Most exit polls have predicted a close race, some have forecast a BJP majority, some others a clear return mandate for TMC. Historically, the verdict in West Bengal has been one-sided, with the winning party securing over 200 of the 294 seats in the assembly. In the past three elections (2011, 2016, 2021) , the TMC won 226, 211 and 215 seats, respectively. The Left Front fell four short of the 200-mark in 1996 but made up in the next election by taking its tally to 235. We’ll see if this trend persists.
Five years ago, pollsters People’s Pulse and Axis-My India had predicted the BJP would win 173-192 seats, comfortably ahead of the majority mark of 148. (The BJP won 77.) This time, Axis-My India refrained from projecting a number, claiming that 70 per cent of voters preferred not to divulge who they had voted for. People’s Pulse has predicted 95-110 seats for the BJP, and sees the TMC coasting to victory with 177-187 seats.

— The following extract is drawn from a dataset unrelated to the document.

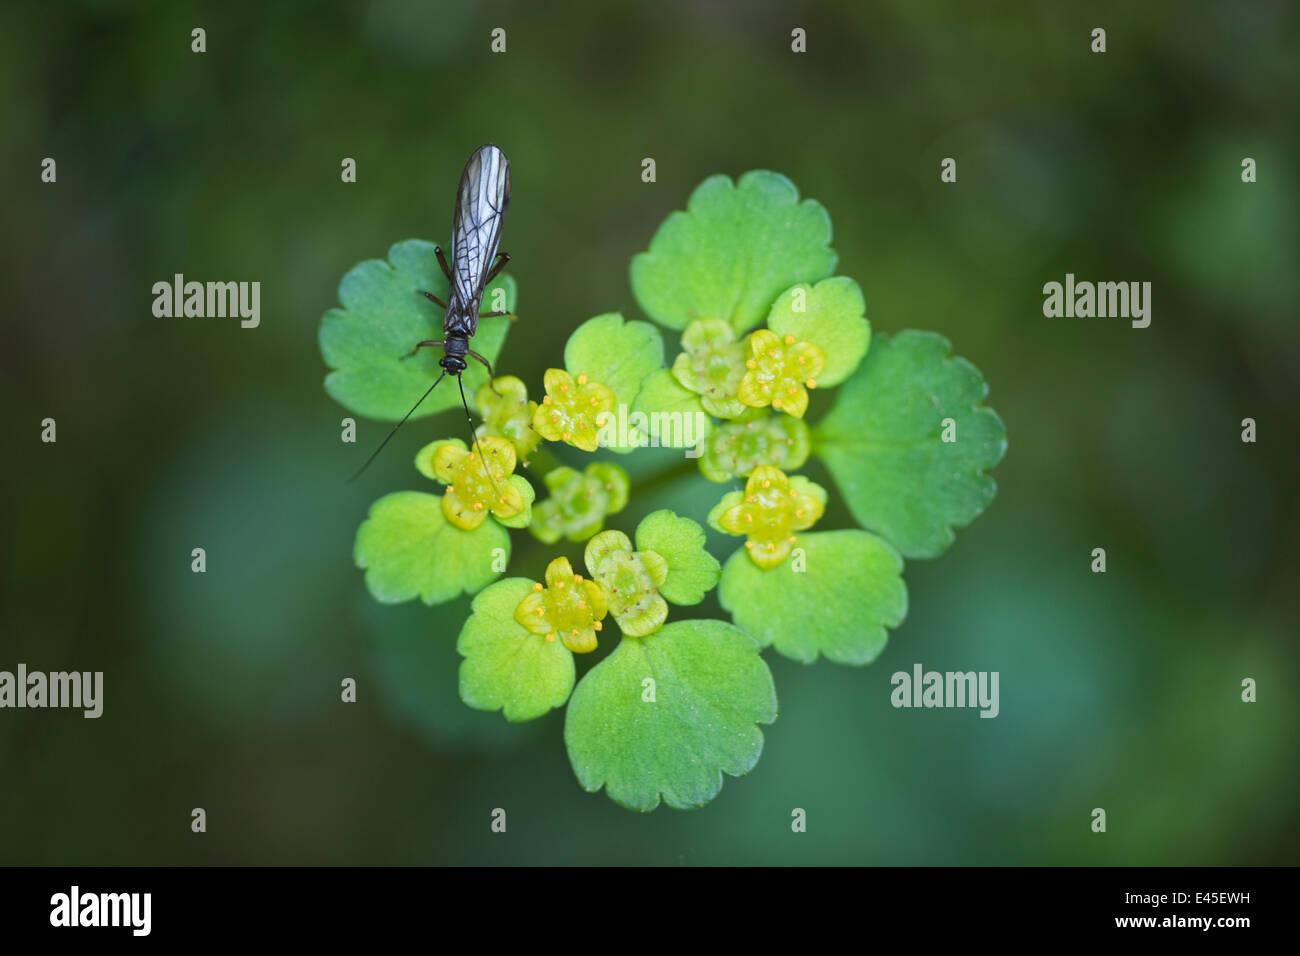 Stone fly (Leuctra fusca) on Alternate-leaved Golden Saxifrage (Chrysosplenium alternifolium)    Zelske Jame, Skocjan - Stock Image

We wouldn’t wager any money on these predictions, though exit polls do create a flutter in the stock market and the satta bazaar, and those with an appetite for risk do make a quick crore or few. For other people who have a taste for political theatre but are less invested in the outcome, exit polls are excellent entertainment, certainly worth the price of a PVR movie ticket!